Longtime manager Bill Hench and his team abruptly depart Royce Opportunity.

An abrupt mass resignation of Royce Opportunity's ROFIX management team has left the strong-performing fund in the lurch and its Morningstar Analyst Rating under review.

Bill Hench and his three-person team surprised their colleagues at Royce Investment Partners by resigning on April 20, 2021. Hench had served as lead manager since October 2018 and as an assistant or comanager since May 2004, building an excellent track record, first as an understudy and then as successor to Boniface "Buzz" Zaino.
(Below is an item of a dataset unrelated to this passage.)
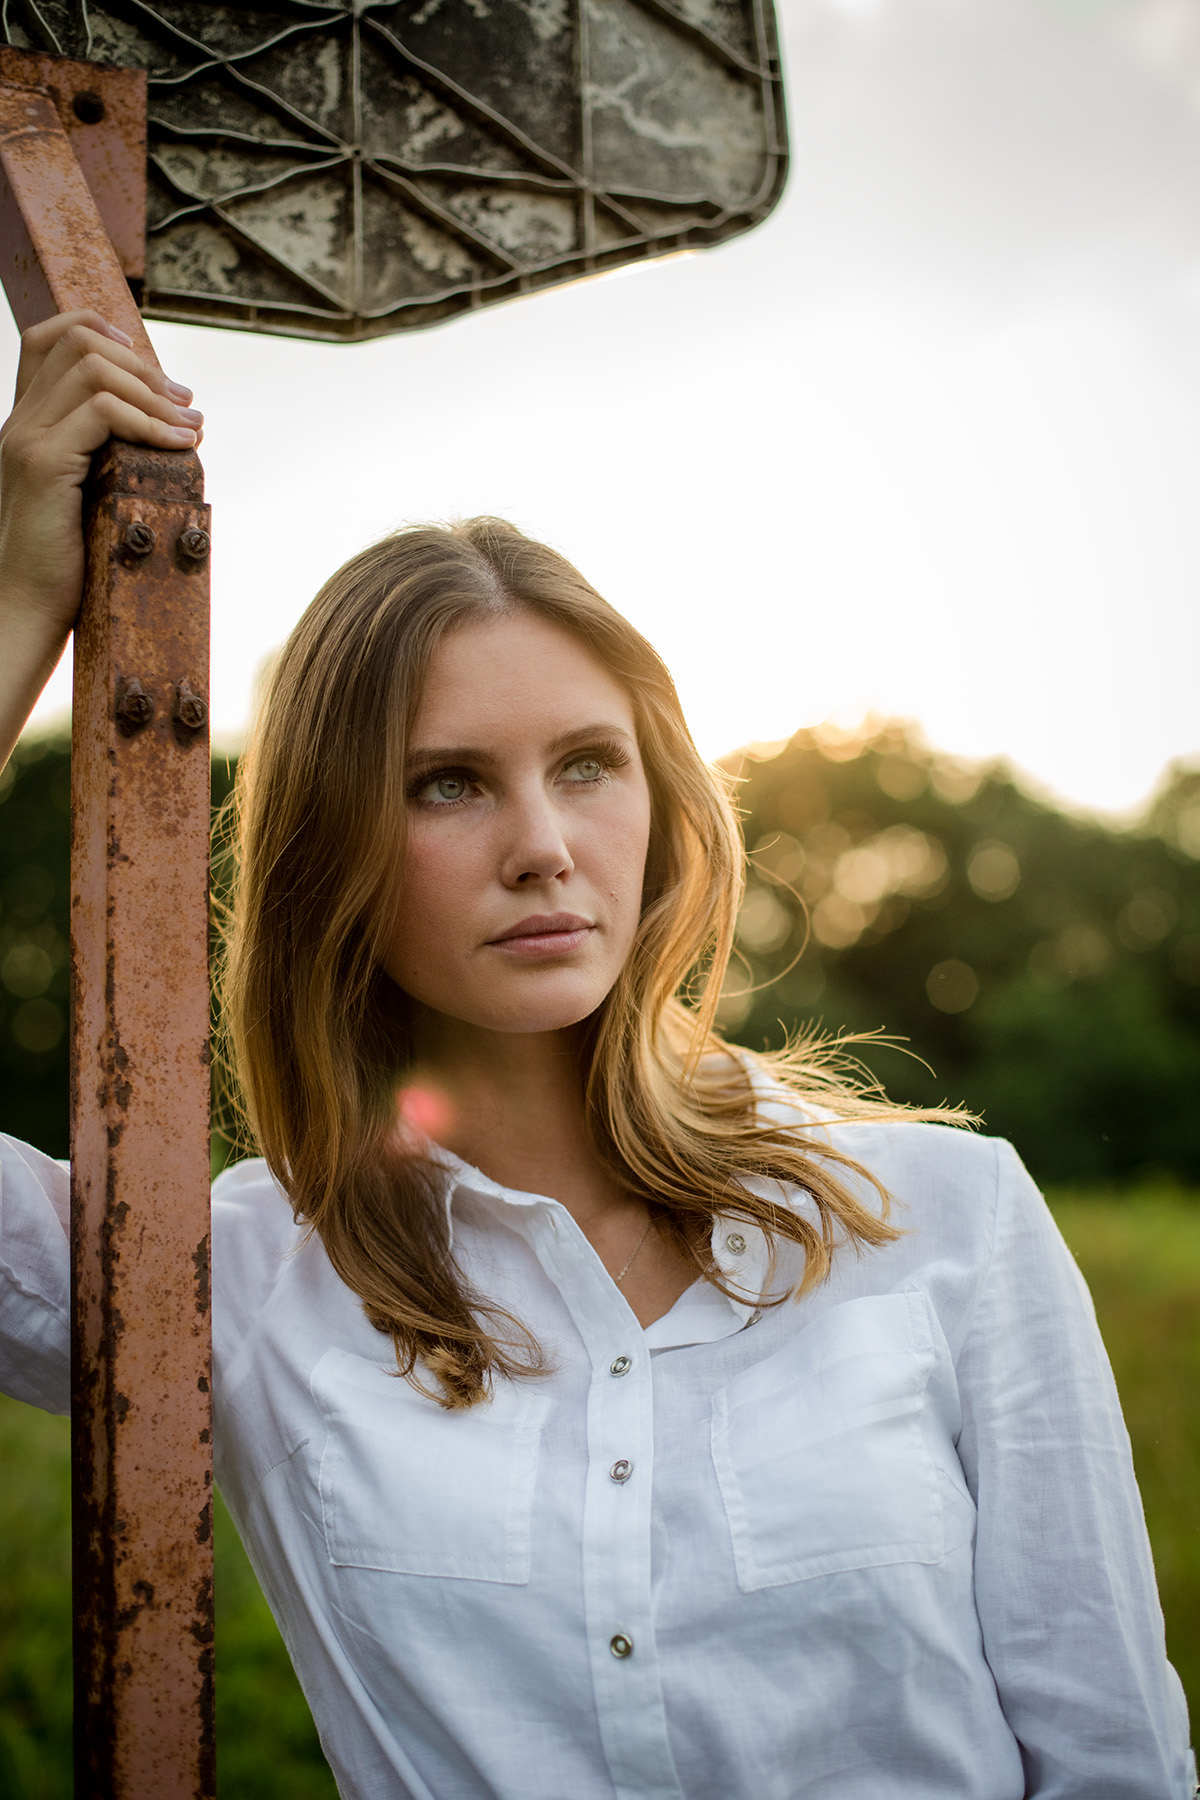 Beautyshooting; Beauty; Portrait; Sommer; Sunset; Fashion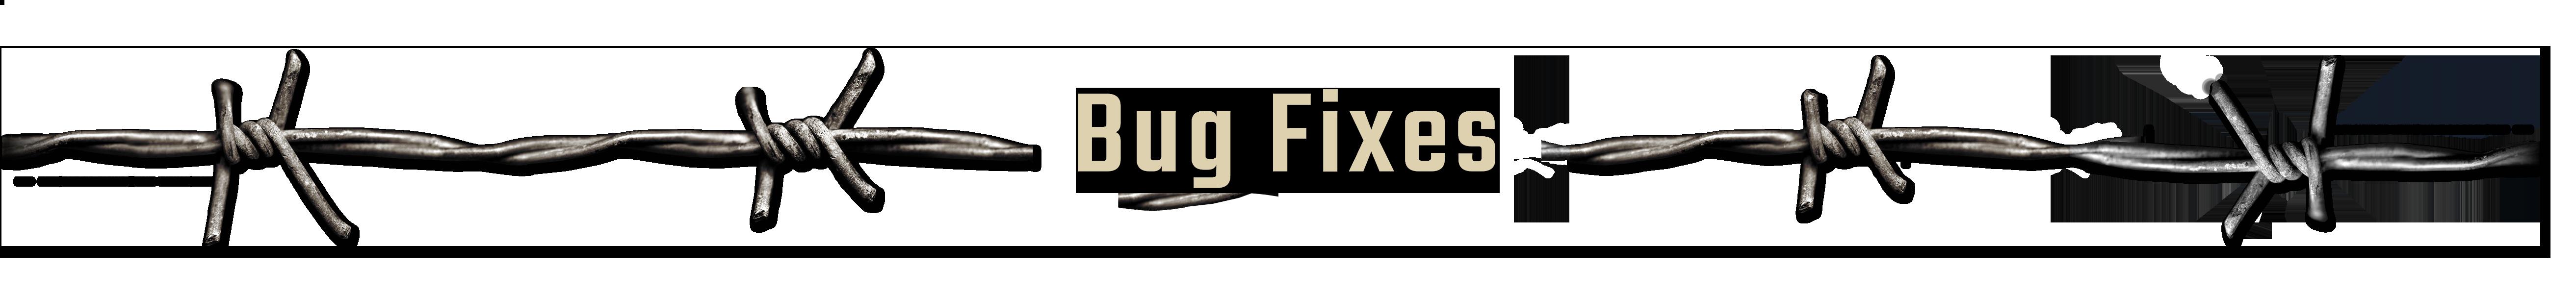 SCUM- Hotfix 0.4.91.25757

Robert Kosowsky and Suzanne Franks, Hench's assistant managers since 2018, and Adam Mielnik, an analyst for the strategy since 2014, also left. They did not disclose where they were headed but often when entire fund management teams leave at once it is for another firm or to strike out on their own. On April 21, noted value shop First Eagle Investment Management announced that it hired Hench and his team to run a new small-cap strategy for the firm.

Royce scrambled to assemble a contingency plan and quickly settled on recalling Zaino, Hench's predecessor and mentor, to retake the reins on an interim basis. Zaino is the architect of the strategy's quirky, aggressive deep-value process that has produced impressive, albeit volatile, results since he took over from firm founder Chuck Royce in April 1998.

Zaino, who retreated to a senior advisor role in 2018, will run the strategy with Brendan Hartman and James Stoeffel, Royce Micro-Cap's RYOTX comanagers, and James Harvey, an assistant portfolio manager on closed-end fund Royce Global Value Trust RGT, until he can form and train a permanent replacement team. That eventual team may or may not include Zaino's three interim comanagers, of whom only Harvey has experience with the approach. Harvey worked as an analyst on the strategy for about 10 years after joining Royce in 1998.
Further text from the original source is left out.